Agatha was made a Dame of the British Empire in 1956. She made her final public appearance at the premiere of the movie based on her book, MURDER ON THE ORIENT EXPRESS. During WWII, she had written her final novel for her great detective, Hercule Poirot, and her elderly sleuth, Miss Jane Marple. She instructed that these were to be published at the end of her career. CURTAIN was published in 1975, and SLEEPING MURDER in 1976, the year Agatha died. She had a small funeral, at her request. And there, in Cholsey, Berkshire lies the greatest mystery writer of all time, her simple tombstone inscribed with words from Edmund Spenser's THE FAERIE QUEEN:

Sleepe after toyle, port after stormy seas,
Ease after warre, death after life, does greatly please.

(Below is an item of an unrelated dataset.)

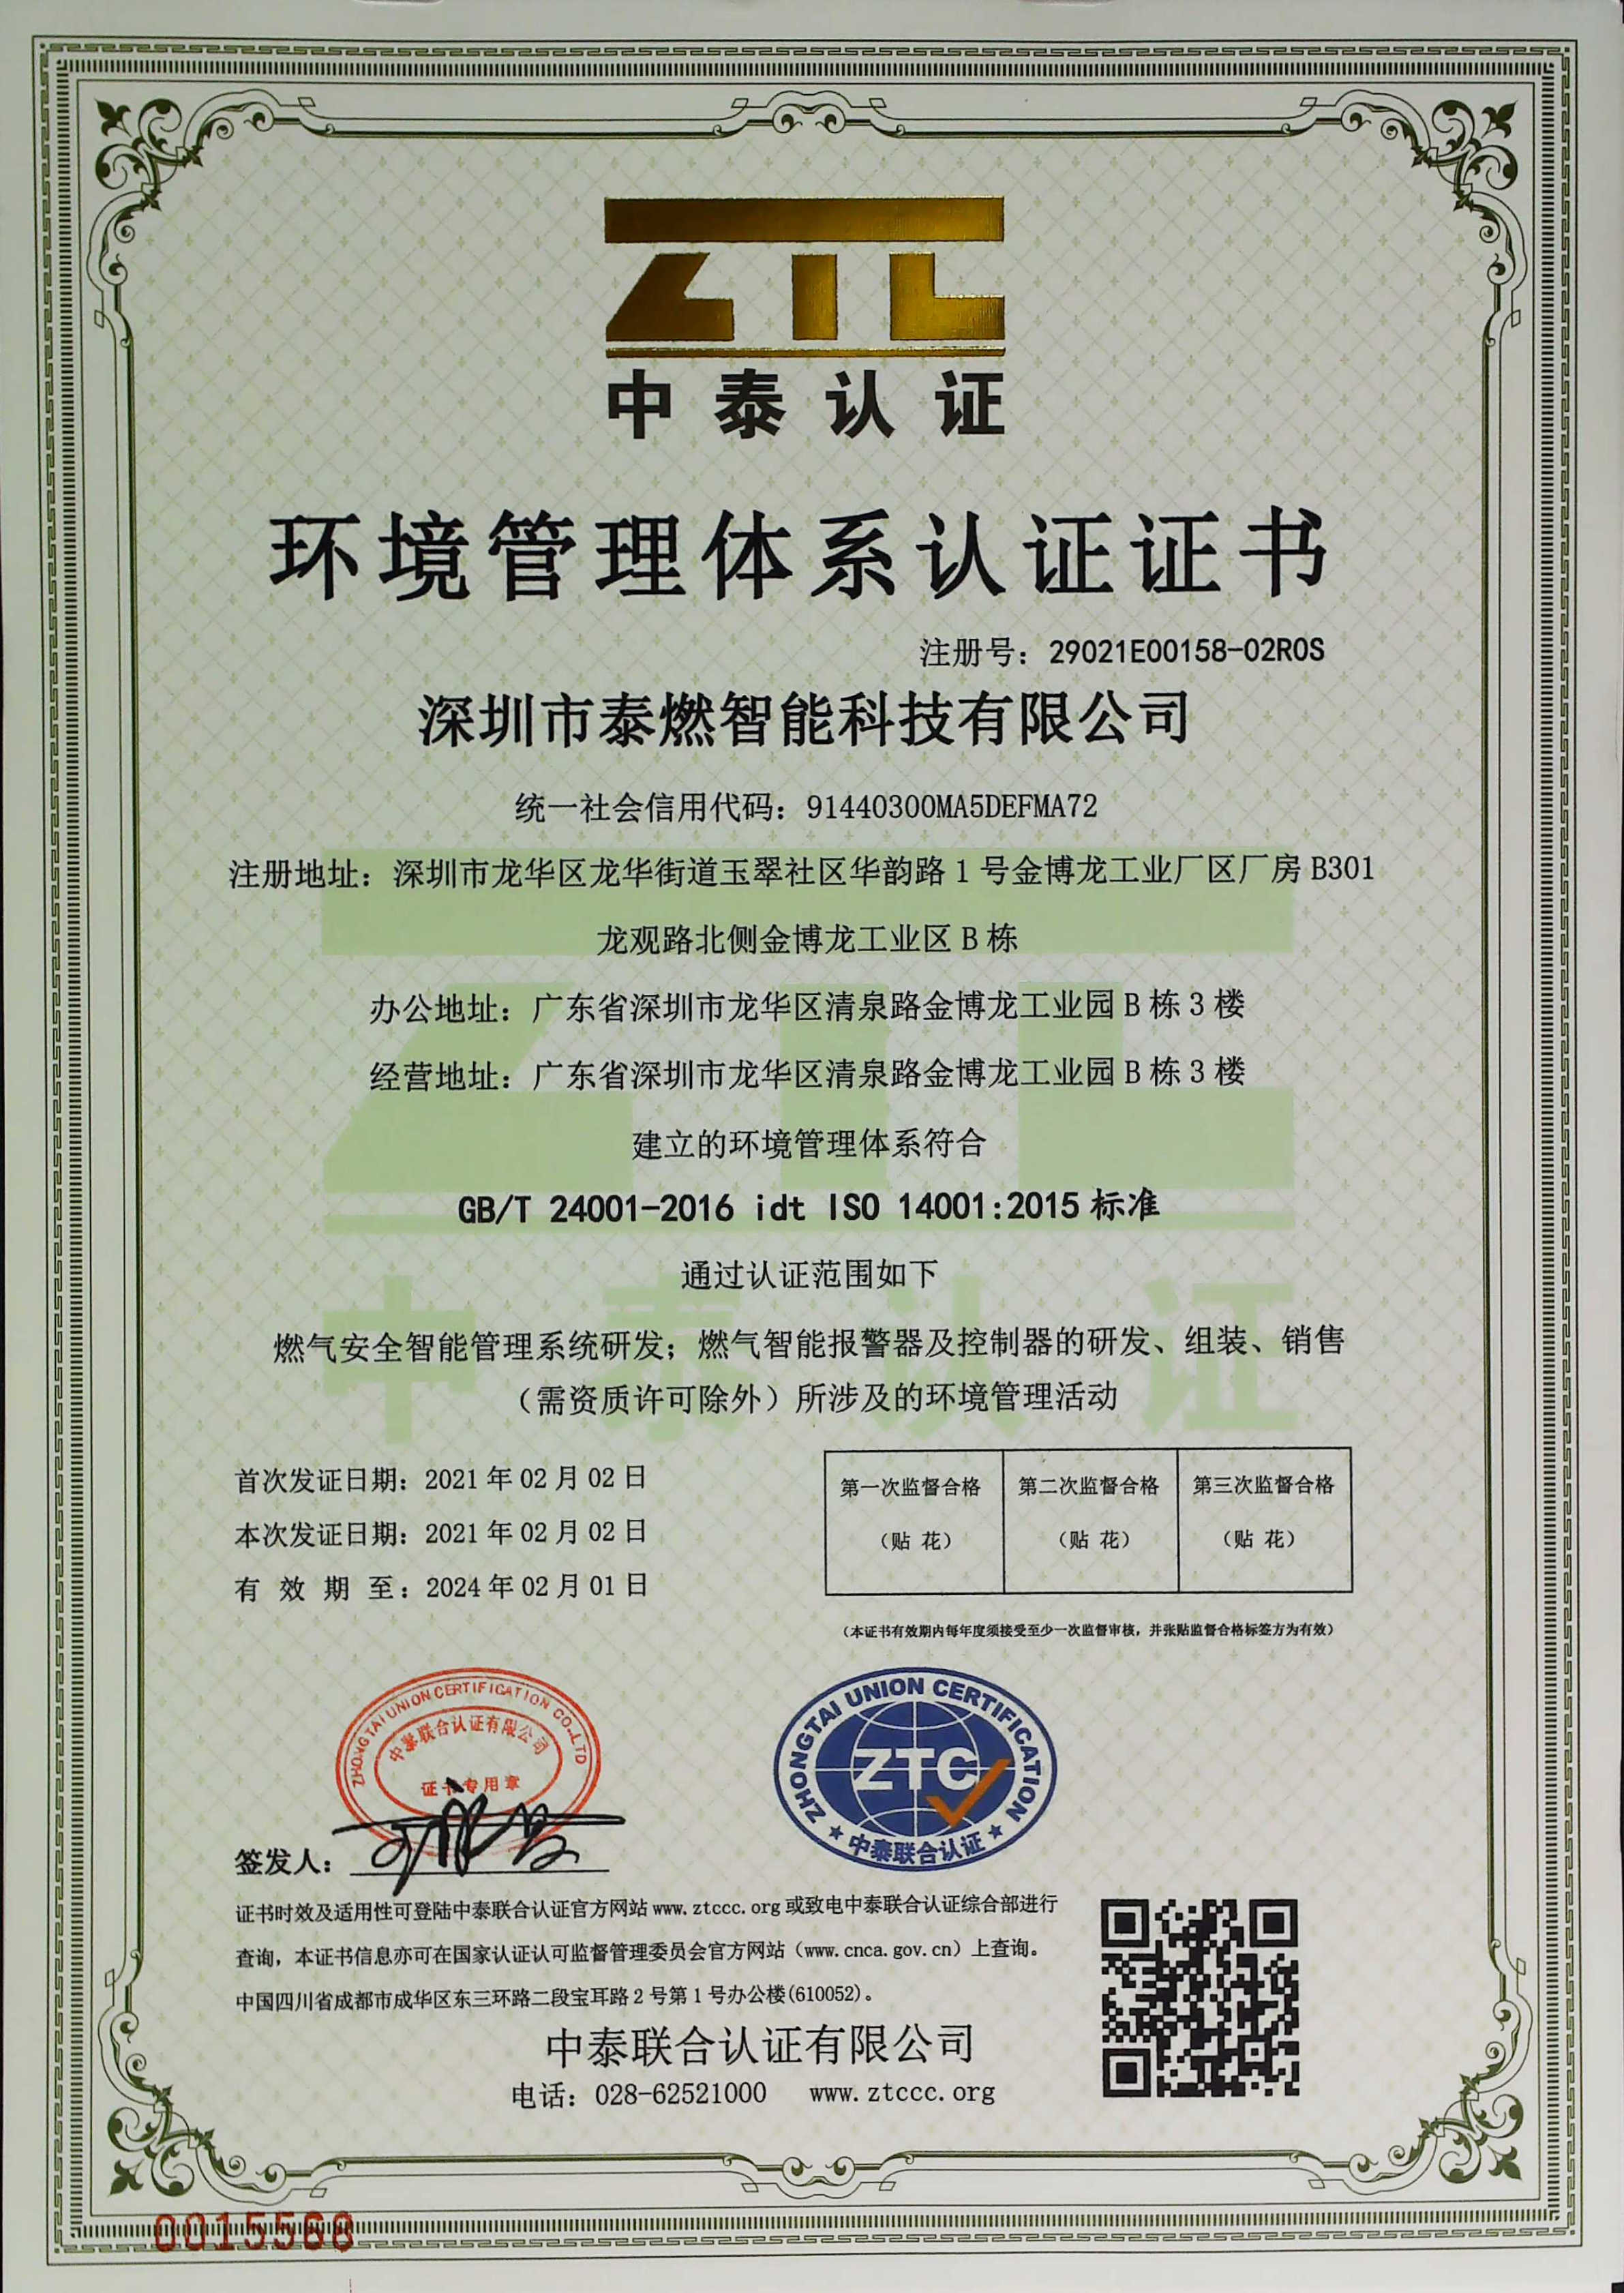 喜讯 | 祝贺泰燃智能顺利通过ISO14001环境体系认证

Agatha Christie is most likely the greatest mystery writer alive. She created some of the most unlikely sleuths ever, constantly using their abilities in cases that has the readers baffled and turning the pages as quickly as they can read them.

Recommended are all of her books, but especially: THE MURDER OF ROGER ACKROYD, PERIL AT END HOUSE, THIRTEEN AT DINNER, MURDER AT THE VICARAGE,DEATH ON THE NILE, THE SECRET OF CHIMNEYS, ORDEAL BY INNOCENCE, CROOKED HOUSE, THE PALE HORSE, A MURDER IS ANNOUNCED, A POCKET FULL OF RYE, SLEEPING MURDER, and, perhaps her two greatest triumphs, MURDER ON THE ORIENT EXPRESS and AND THEN THERE WERE NONE. A wonderful introduction to her writing can be found in THE THIRTEEN PROBLEMS, previously published as THE TUESDAY CLUB MURDERS, and through all of the Miss Marple novels.

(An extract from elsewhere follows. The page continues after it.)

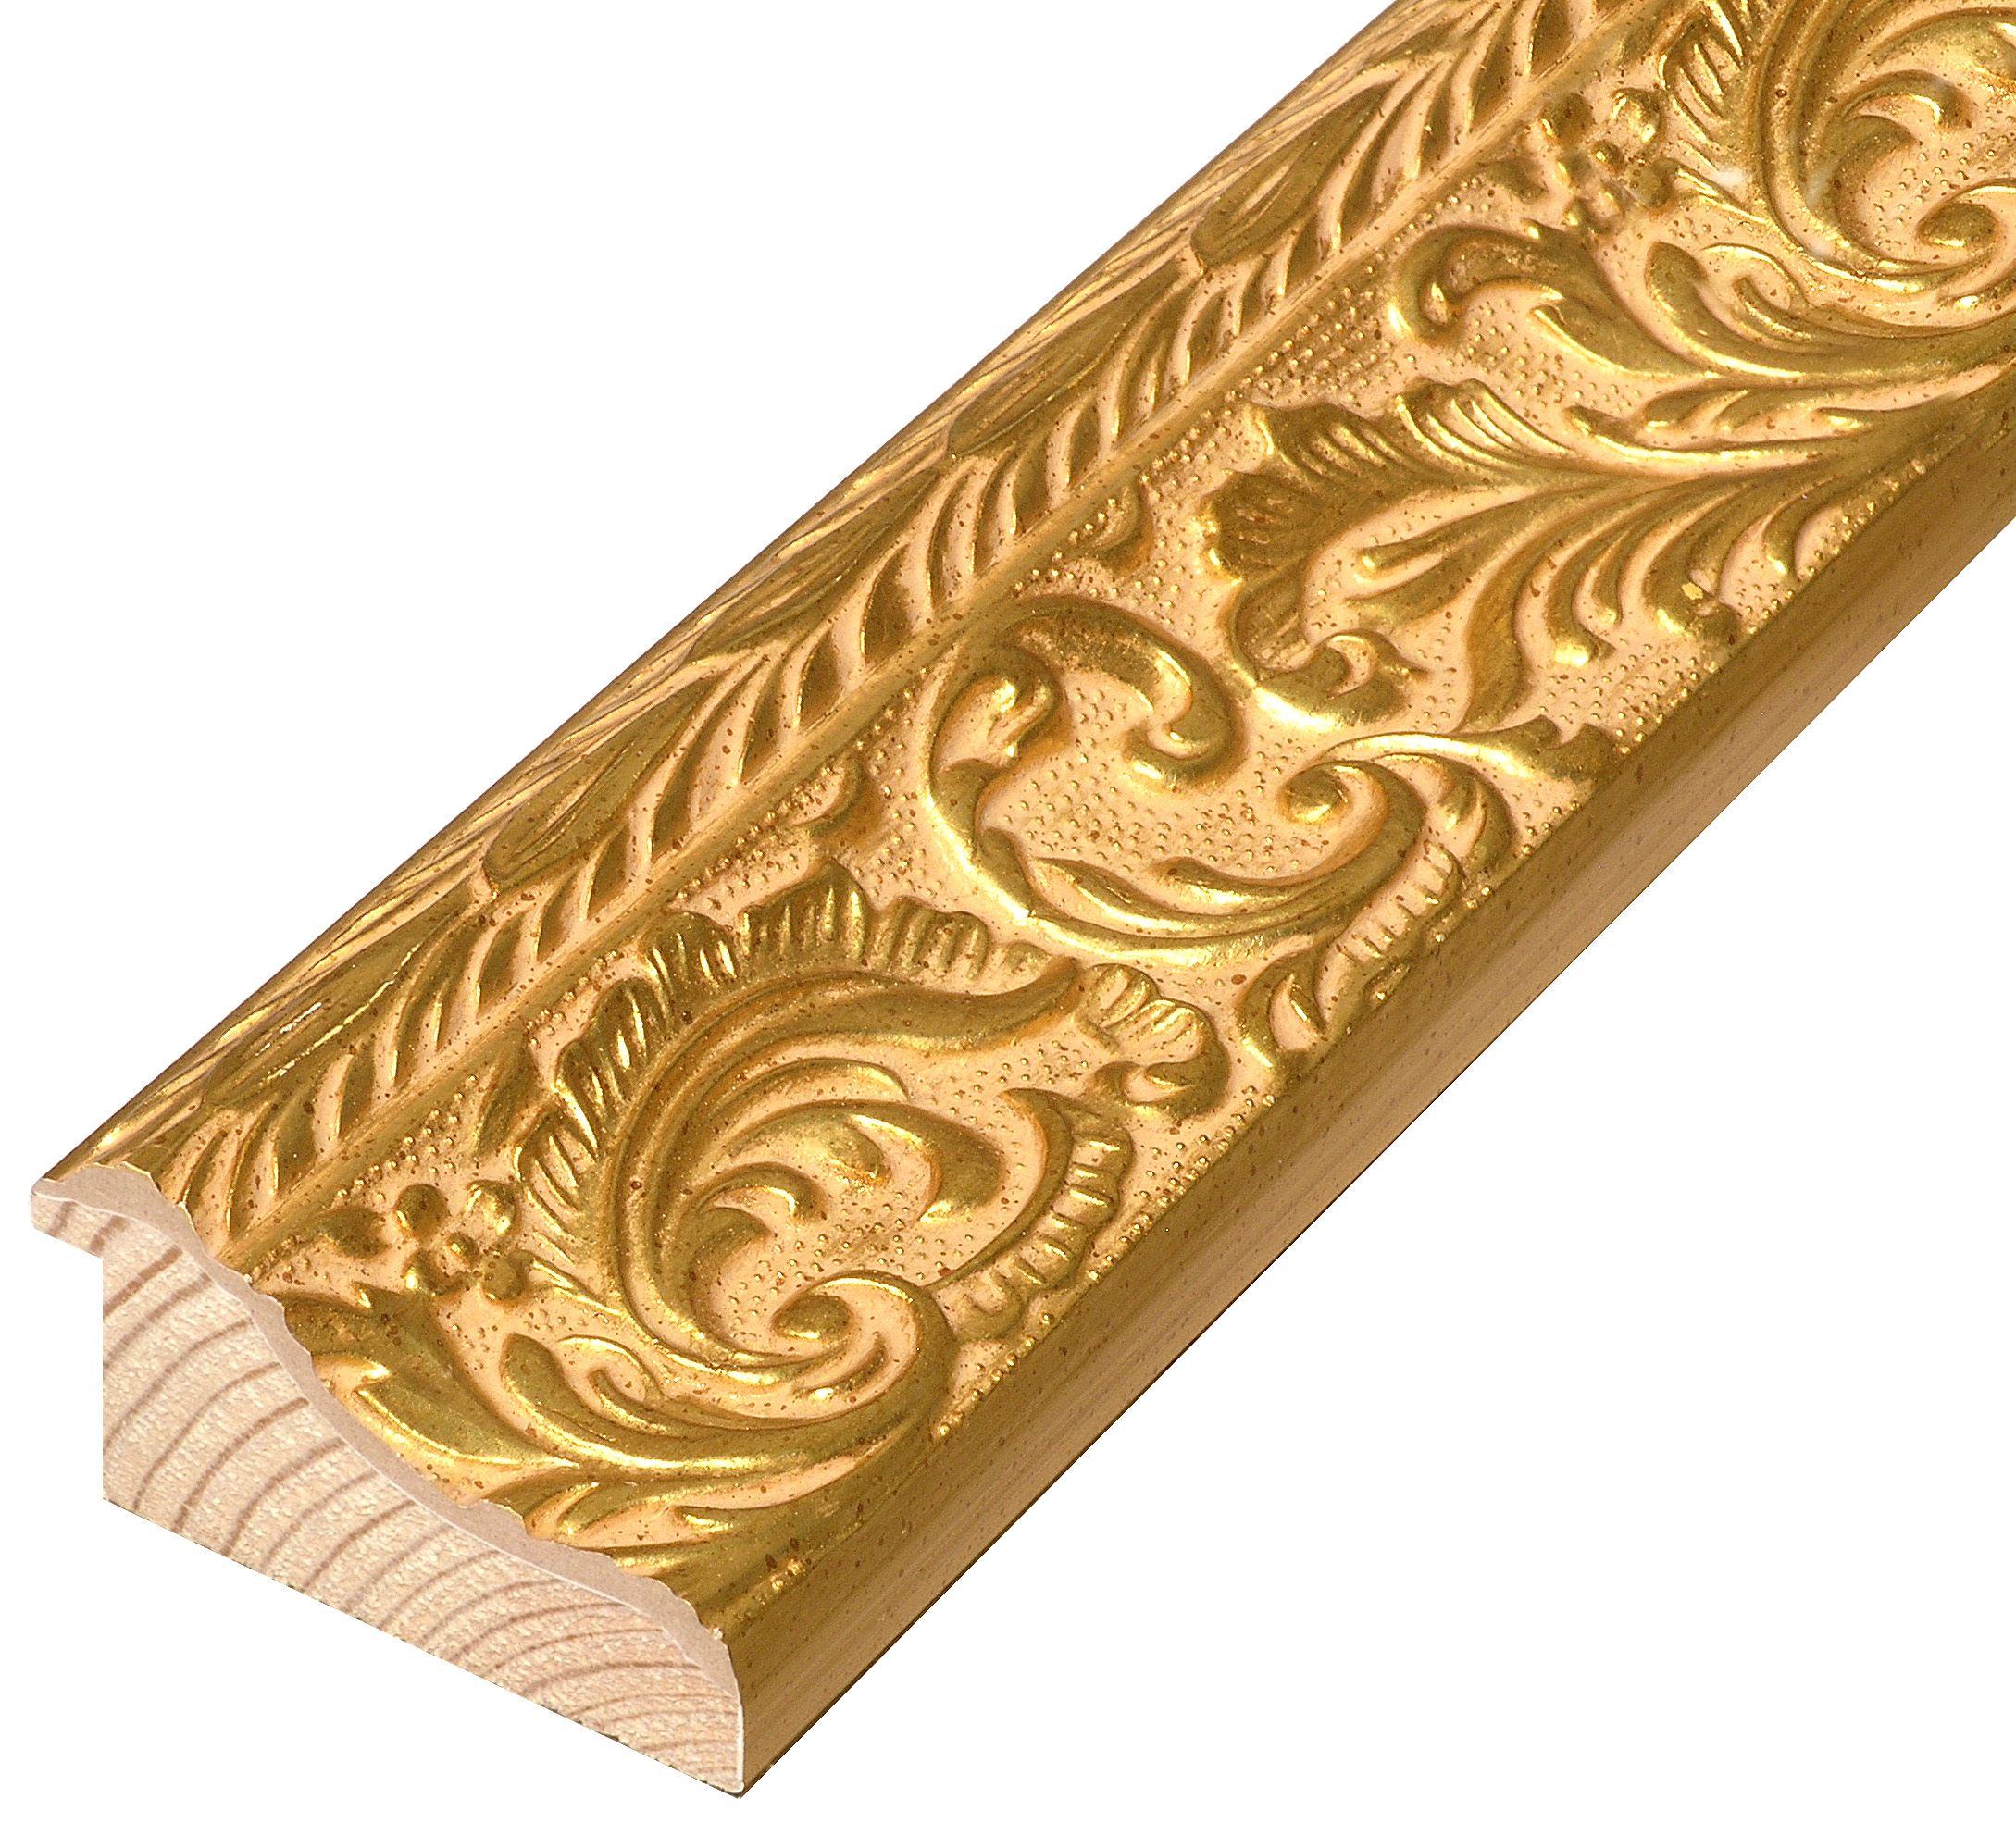 Letvica bor spojeni širina 69 mm vis.35 - zlato sa reljefnim ukrasom

Agatha Christie wrote 76 novels, 158 short stories, and 15 plays, all marked with her ingenuity and literary flair. Her novels constantly broke the rules of the Mystery, her detectives broke away from the stereotypes created by Sherlock Holmes and Auguste Dupin, she shattered boundaries no one dared, or even thought of crossing. She did what, perhaps no writer before her could do: she re-invented the Detective Novel. She is, indubitably, the Queen of Mystery.